Exercise details: At the line containing "Vyšlo 6. číslo časopisu", begin repeating lines exactly, and stop only after the final line of the records below.

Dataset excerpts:
------------------------------

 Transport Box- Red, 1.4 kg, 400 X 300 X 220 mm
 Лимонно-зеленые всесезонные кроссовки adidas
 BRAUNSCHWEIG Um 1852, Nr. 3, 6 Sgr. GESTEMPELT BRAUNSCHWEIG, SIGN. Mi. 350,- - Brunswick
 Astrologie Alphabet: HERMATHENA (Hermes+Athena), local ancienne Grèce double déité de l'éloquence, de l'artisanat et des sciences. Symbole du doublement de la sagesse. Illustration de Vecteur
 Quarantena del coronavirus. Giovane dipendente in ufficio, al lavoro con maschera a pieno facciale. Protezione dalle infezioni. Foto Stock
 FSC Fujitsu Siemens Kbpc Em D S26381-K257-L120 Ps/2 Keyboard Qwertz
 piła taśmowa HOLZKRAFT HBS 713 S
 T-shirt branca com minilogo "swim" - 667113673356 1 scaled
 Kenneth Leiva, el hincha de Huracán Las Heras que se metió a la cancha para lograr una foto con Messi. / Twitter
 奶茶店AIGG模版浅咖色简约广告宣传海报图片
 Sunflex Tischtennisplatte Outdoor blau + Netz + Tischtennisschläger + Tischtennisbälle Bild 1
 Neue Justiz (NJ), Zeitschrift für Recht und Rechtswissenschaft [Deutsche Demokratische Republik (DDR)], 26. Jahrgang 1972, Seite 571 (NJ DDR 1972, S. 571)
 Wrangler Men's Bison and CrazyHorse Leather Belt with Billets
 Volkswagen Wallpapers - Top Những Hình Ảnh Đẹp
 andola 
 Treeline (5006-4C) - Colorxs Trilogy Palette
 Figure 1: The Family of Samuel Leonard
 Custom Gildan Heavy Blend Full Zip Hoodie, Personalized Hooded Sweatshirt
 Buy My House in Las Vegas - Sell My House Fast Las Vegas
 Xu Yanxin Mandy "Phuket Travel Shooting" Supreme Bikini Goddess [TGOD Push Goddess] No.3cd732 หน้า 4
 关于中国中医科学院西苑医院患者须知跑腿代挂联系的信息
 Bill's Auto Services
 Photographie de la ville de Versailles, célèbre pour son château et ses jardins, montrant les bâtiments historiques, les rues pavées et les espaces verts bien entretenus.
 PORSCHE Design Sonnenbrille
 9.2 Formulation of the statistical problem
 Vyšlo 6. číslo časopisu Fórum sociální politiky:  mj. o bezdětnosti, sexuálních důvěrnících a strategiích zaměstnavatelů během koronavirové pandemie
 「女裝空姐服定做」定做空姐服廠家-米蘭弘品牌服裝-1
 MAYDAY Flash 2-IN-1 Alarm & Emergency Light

------------------------------

Output of the exercise:
 Vyšlo 6. číslo časopisu Fórum sociální politiky:  mj. o bezdětnosti, sexuálních důvěrnících a strategiích zaměstnavatelů během koronavirové pandemie
 「女裝空姐服定做」定做空姐服廠家-米蘭弘品牌服裝-1
 MAYDAY Flash 2-IN-1 Alarm & Emergency Light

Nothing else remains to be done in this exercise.